Hy-Vee adds full-service fueling to its growing coronavirus response

Hy-Vee is introducing free full-service fueling at more than 165 locations across eight states, including Hy-Vee Fast and Fresh stores, the company announced.

The service is offered from 7 a.m. to 7 p.m. every day. To use it, customers click the “Fuel Help?" button at the gas pump they are parked next to or call a phone number found on signs at the pump.

Customers can also order food and other items from Hy-Vee’s convenience store. Employees will deliver customers' orders to their vehicles and process transactions from the fuel station. The service can be paid for with cash or credit card. For protection, employees will wear gloves.

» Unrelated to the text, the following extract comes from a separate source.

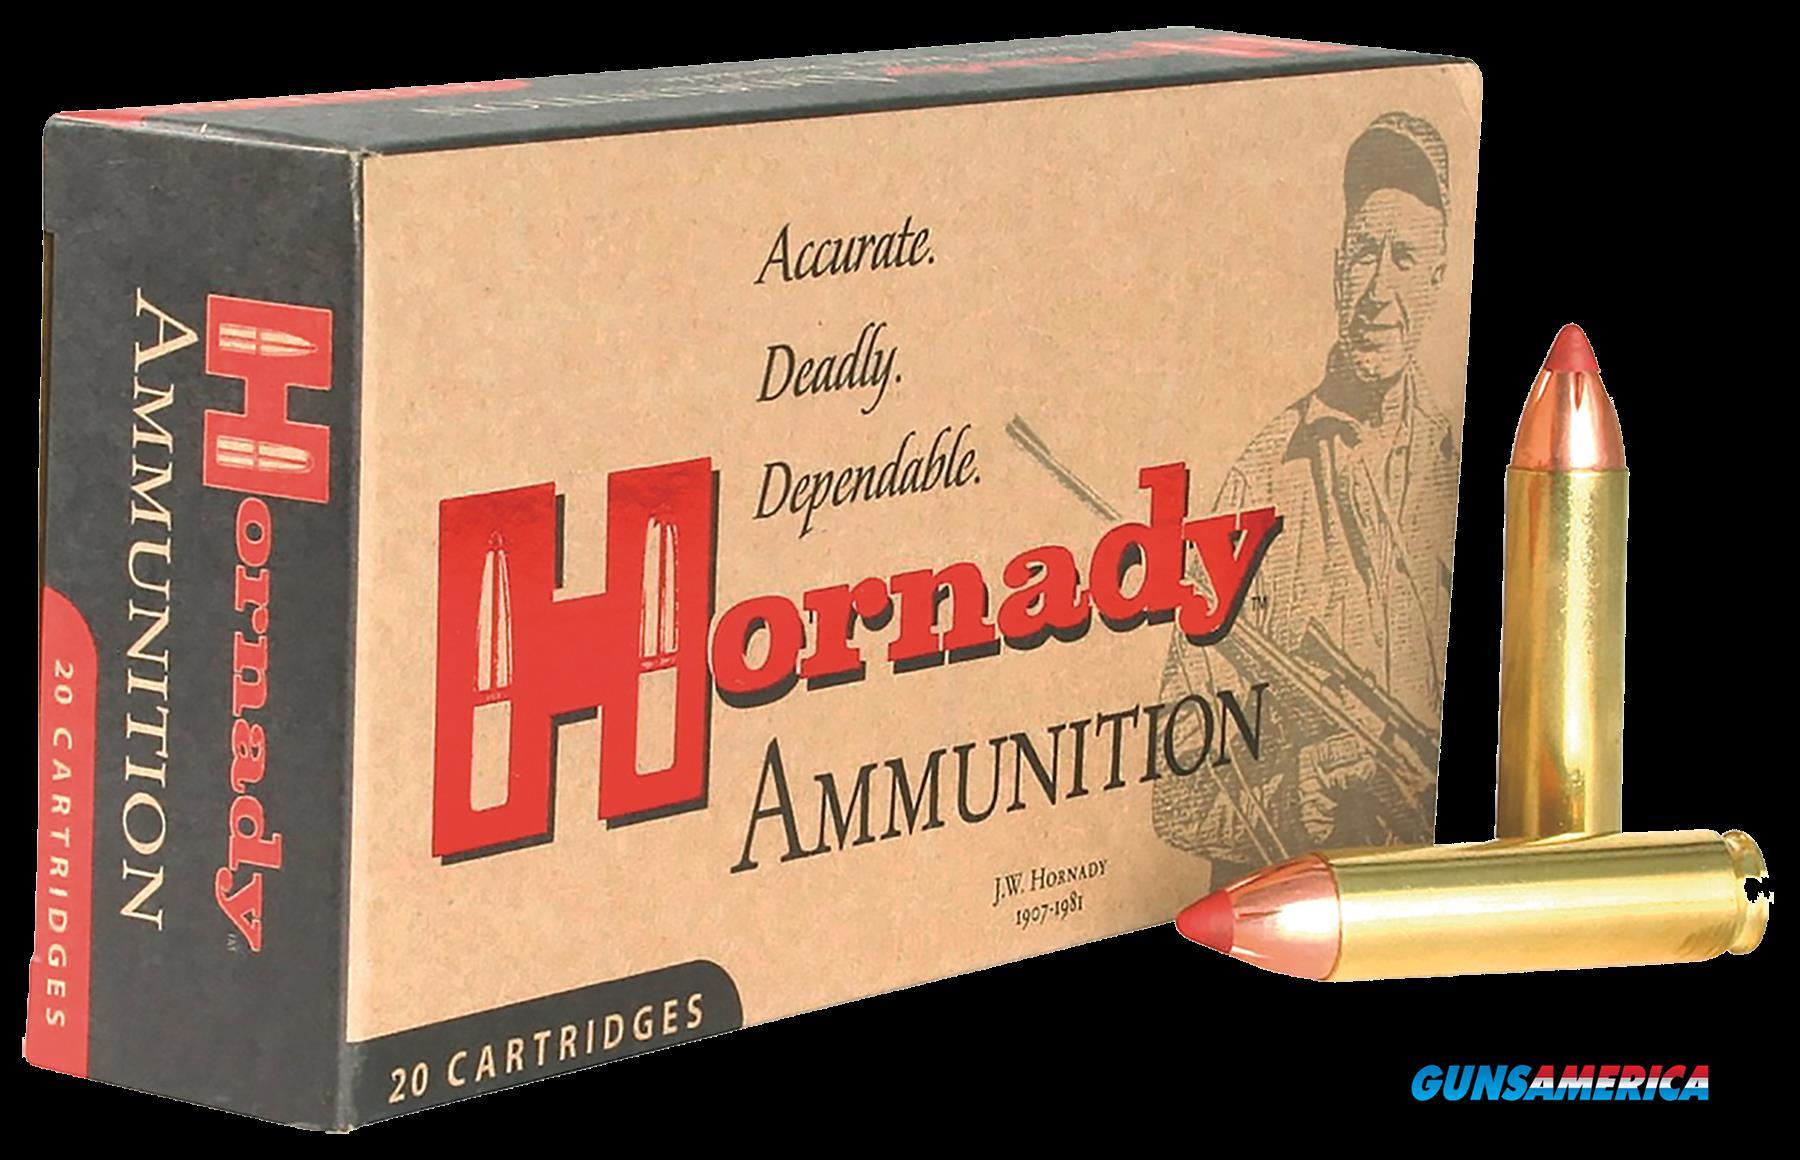 Hornady Custom, Horn 82244       450bsh 250 Ftx  20-10  Guns > Pistols > 1911 Pistol Copies (non-Colt)

Hy-Vee's addition of full-service fueling could ease shoppers' concerns that they could catch coronavirus when pumping gas, and potentially bring in new customers and generate additional sales to its convenience stores.

These smaller format stores have been a focal point for the grocer this past year. In February, the retailer bought four former QuikTrip locations to convert to Fast & Fresh Express stores that offer more food than a traditional convenience store, including nori sushi, made-to-order foods and healthy snack options.

While most fuel stations across the country stopped offering full service in the 1970s, mandatory stay-at-home orders, have caused a decrease in demand for gasoline and an increase in supply, resulting in lower prices. This has allowed the grocer to offer this service, which adds another element of customer service and helps protect shoppers by removing a touch point at the fuel station.

Midwestern fuel station chain Kum & Go is offering full-service fuel at participating stores across the country as well. As at Hy-Vee, shoppers call a number when they arrive at the pump and can purchase fuel as well as items from the convenience store.

In Oregon, state officials have lifted its ban on self-service fuel stations after pleas from a fuel association, CSP Daily News reported. The association argued that there is a shortage of fuel attendants because they are sick or uncomfortable working so closely with customers, which has resulted in closures of many fuel stations across the state.

Temporarily, fuel stations are allowed to offer self-service fuel for up to 10 consecutive hours as long as they oversee social distancing policies and sanitization efforts.

New Jersey, the only state left with a ban on self-service gas, has yet to change its policy despite safety concerns from gas station owners and employees who say it is impossible for fuel attendants to keep a six-foot distance from motorists. Hy-Vee has not detailed how it will enforce social distancing with its new full-service stations.